So, bill signed; game on.  With statutory protection from add-on regulatory requirements, BHCs between $50 billion and $250 billion – and maybe even more – are about to click on the “ready to check out” button to buy a bank or two.  Is this shopping spree a sign of undue profitability, as critics will surely allege?  On the contrary, banks generally buy other banks because they’ve run out of cost-cutting or, even worse, revenue-enhancing options to boost profitability.  The consolidation scramble should be seen for what it really is:  the only way to make mid-sized BHCs more than modestly profitable as long as rates are low, the economy is torpid, and the rules are still about the same.

I know what you’re thinking:  banks are in fact wildly profitable – the FDIC said so on Tuesday.  Actually, it didn’t say so – what it showed was a record dollar amount of average industry profitability.  Viewing bank profitability as record profitability by dollar totals is a lot like saying that Venezuelan bakers are raking in record bread prices.  Inflation makes a difference – a lot of difference. 

Size also makes a lot of difference.  A $100 million profit for Federal Financial Analytics would indeed be record breaking.  For JPMorgan, $100 million is pocket change.  Dollar revenue totals are up because banks are bigger.  Maybe banks shouldn’t be bigger, but they are.  And, even if banks weren’t bigger, the economy is when measured by nominal GDP.  Bank lending has in fact shrunk in comparison with private-sector GDP.  Dollars notwithstanding, the basic business model of banking is far from robust.

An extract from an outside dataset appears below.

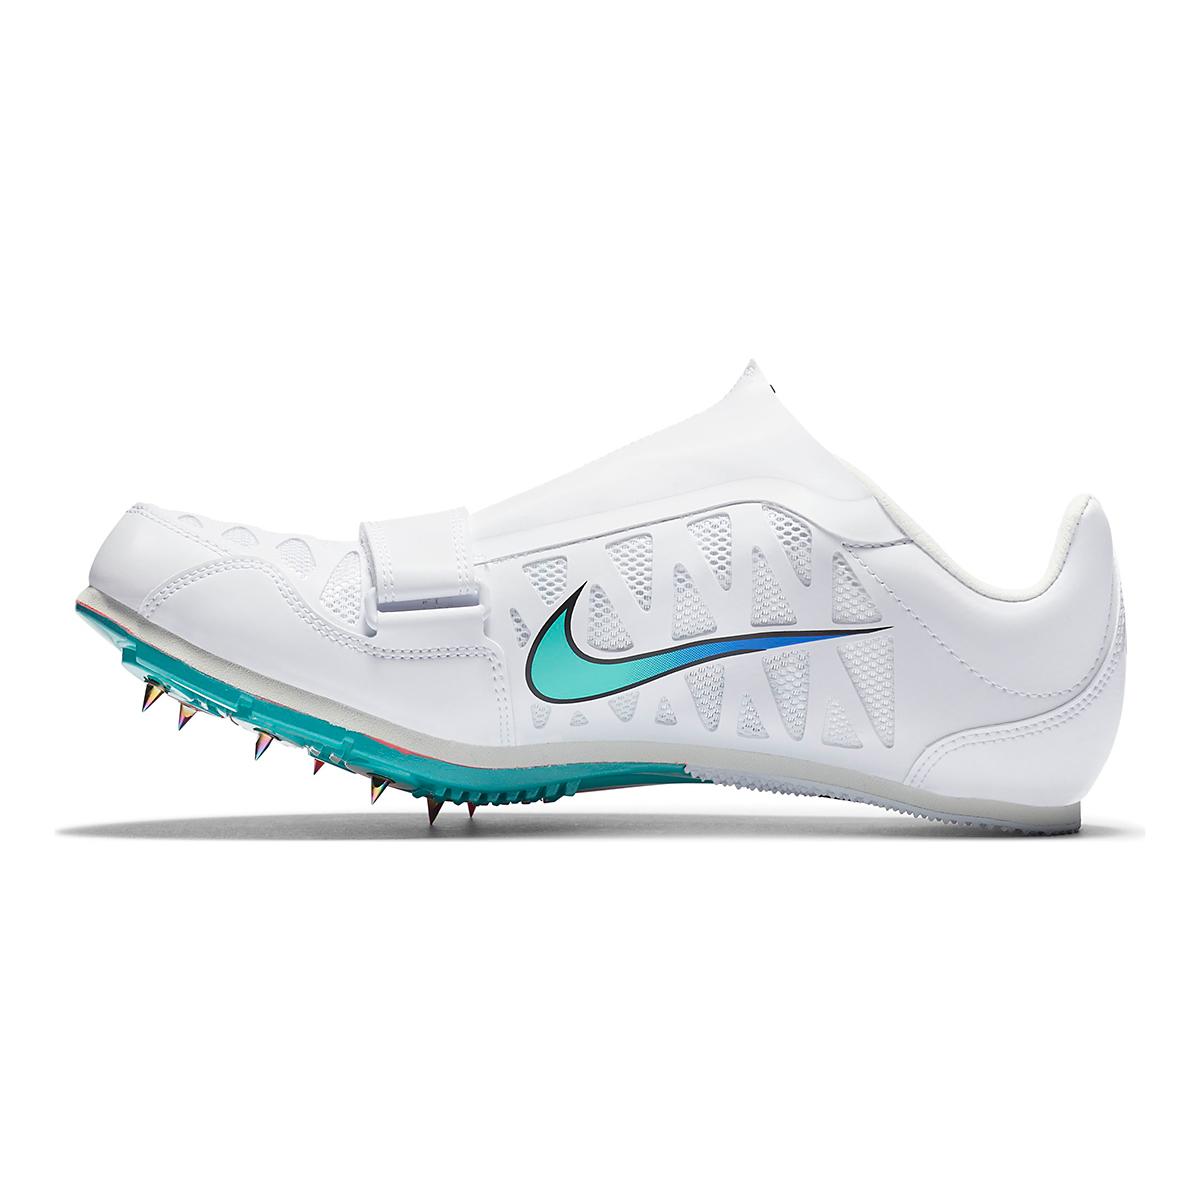 Nike Zoom Long Jump 4 Track Spikes - Color: White/Flash Crimson - Size: M4/W5.5 - Width: Regular, White/Flash Crimson, large, image 2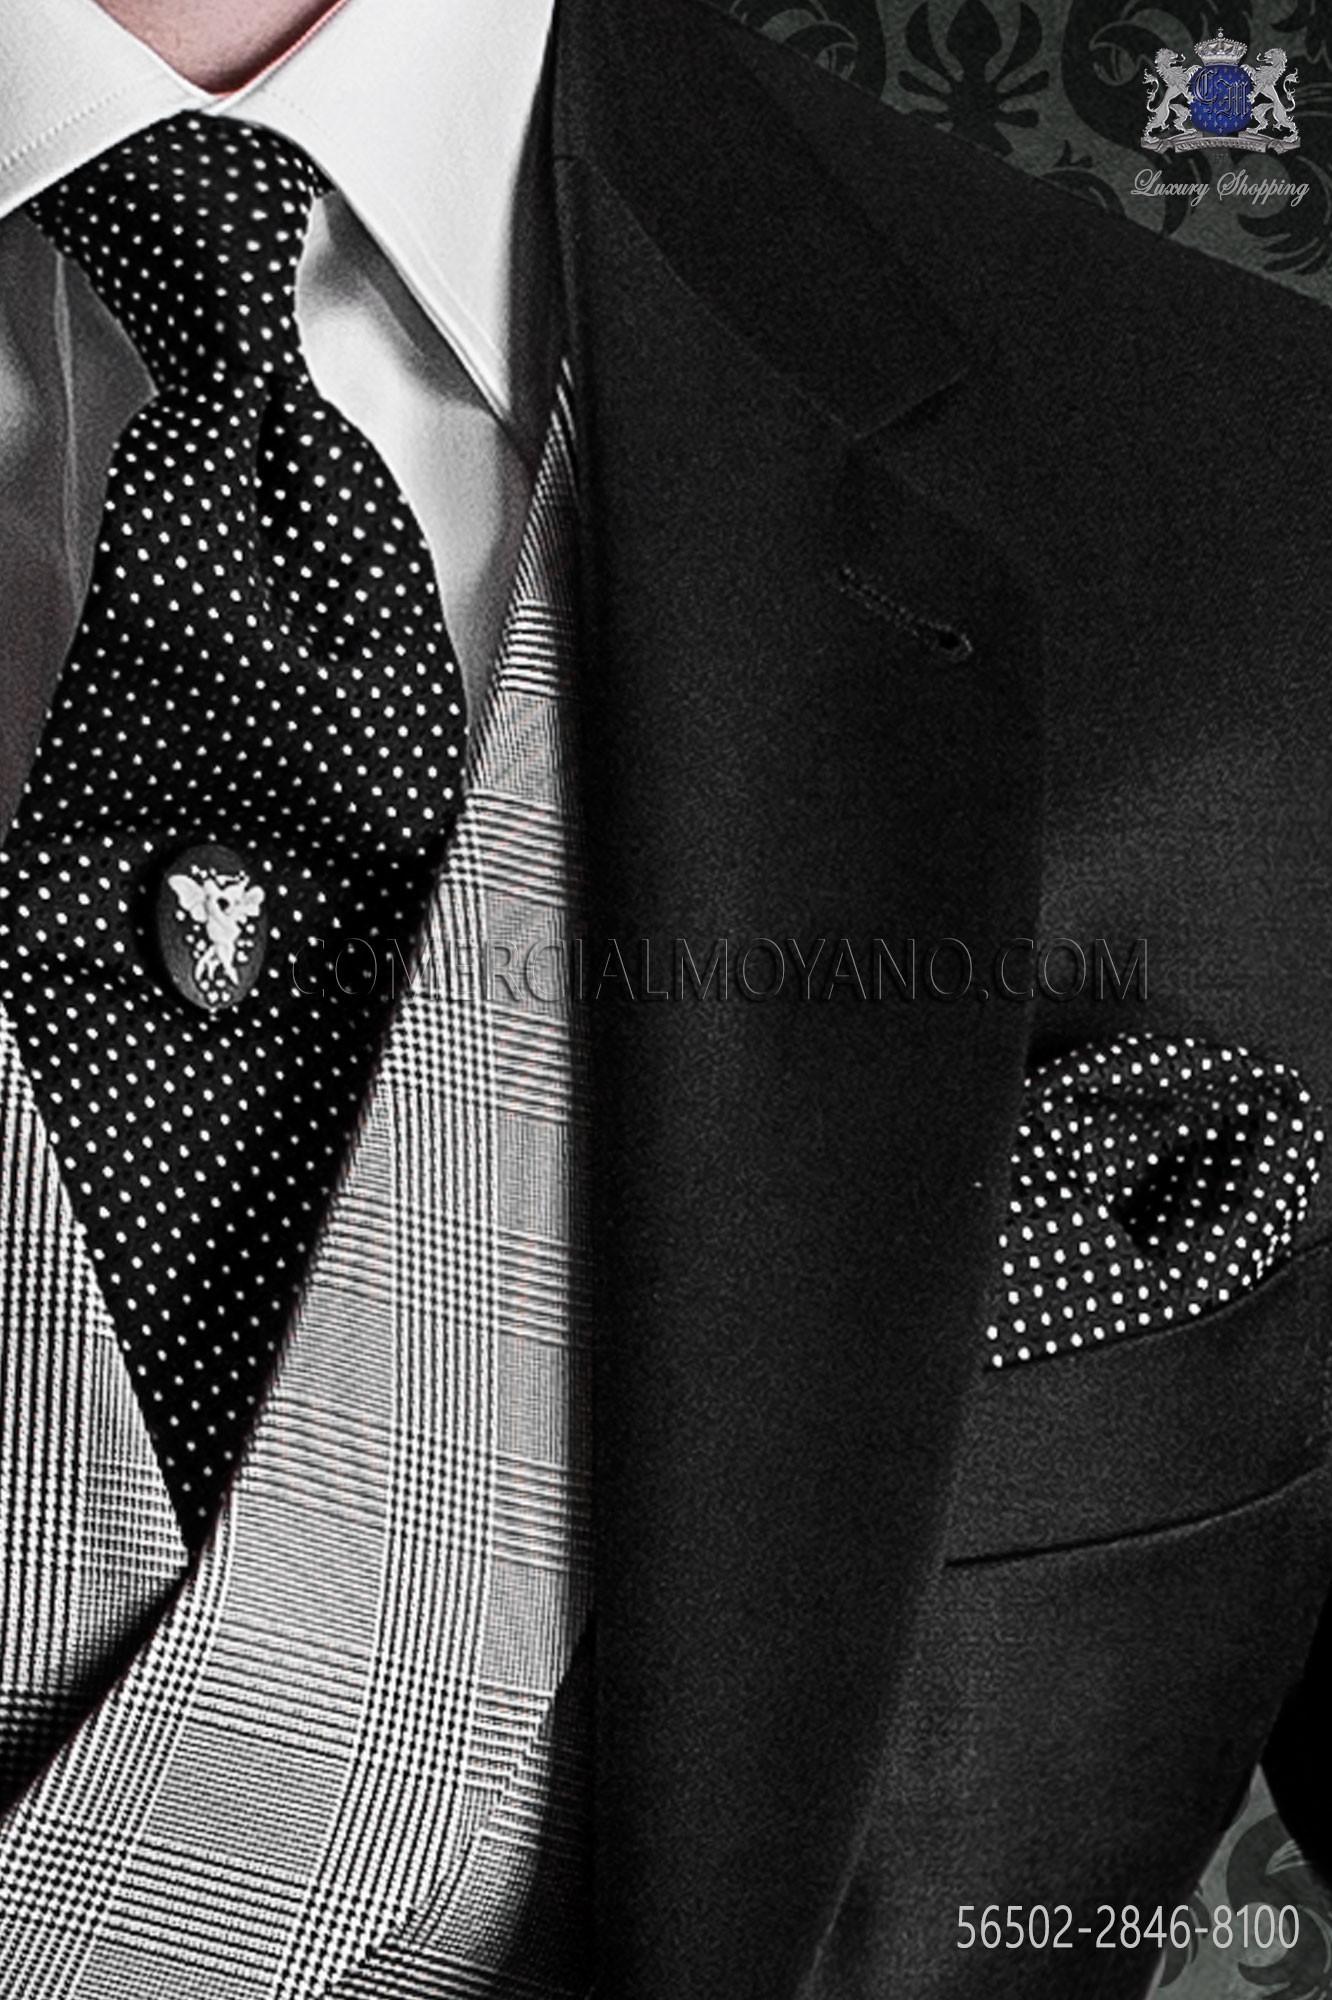 47ad12cd55f9 Black Polka Dots Tie And Handkerchief Pure Jacquard Silk Ongala. Mens Black And  White ...

Investors know this.  They measure profitability not by dollar totals, but by return on assets (ROA) and – even more importantly- by return on equity (ROE).  Even with the windfall the tax law threw their way, insured-depository ROEs last quarter averaged 11.4 percent.  Translation: even with all the tax loot, the industry is just barely breaking even given the benchmark cost of capital of about ten percent.  Record ROE was in 2003 – well before the crisis boom – when it hit fifteen percent according to the FDIC and thus provided a tidy ROE given the cost of capital.

Advocates of higher capital requirements expected that the cost of capital would go down as capital standards rose.  The reason for this comes from classical economic theory (Modigliani-Miller) which found decades ago that investors demand less when risks drops.  This might be true, but it hasn’t worked for banks, as a comprehensive survey of post-crisis capital rules from the Bank for International Settlements concluded.

Which brings me back to why even a bit of regulatory relief will spark a consolidation wave.  Lower regulatory costs boost earnings even in the absence of a revenue-enhancing business model.  With the rollback of size thresholds that added new costs for no good reason, banks can buy another bank, shed some costs, increase efficiency (or at least so the theory goes), and voila – shareholder value.  Cost savings in M&A transactions are always possible over time, but near-term regulatory relief boosts these savings and thus gives M&A an added shareholder rationale. 

Does this rationale hold quarter over quarter as two banks are finally combined into the bigger one from which costs savings are supposed to come?  Eliminating an add-on regulatory cost increases efficiency, but the real value in a bank charter is its revenue-enhancing products, not a skinny infrastructure that might undermine customer service and increase operational risk.  Even before the crisis rules kicked in, the real shareholder-value proposition in monster M&A transactions was validated only sporadically in the best-constructed transactions.  With many rules untouched by the new law and a whole lot of unregulated competition, M&A remains a short-term solution to the longer-term questions surrounding the future of traditional financial intermediation through regulated banks.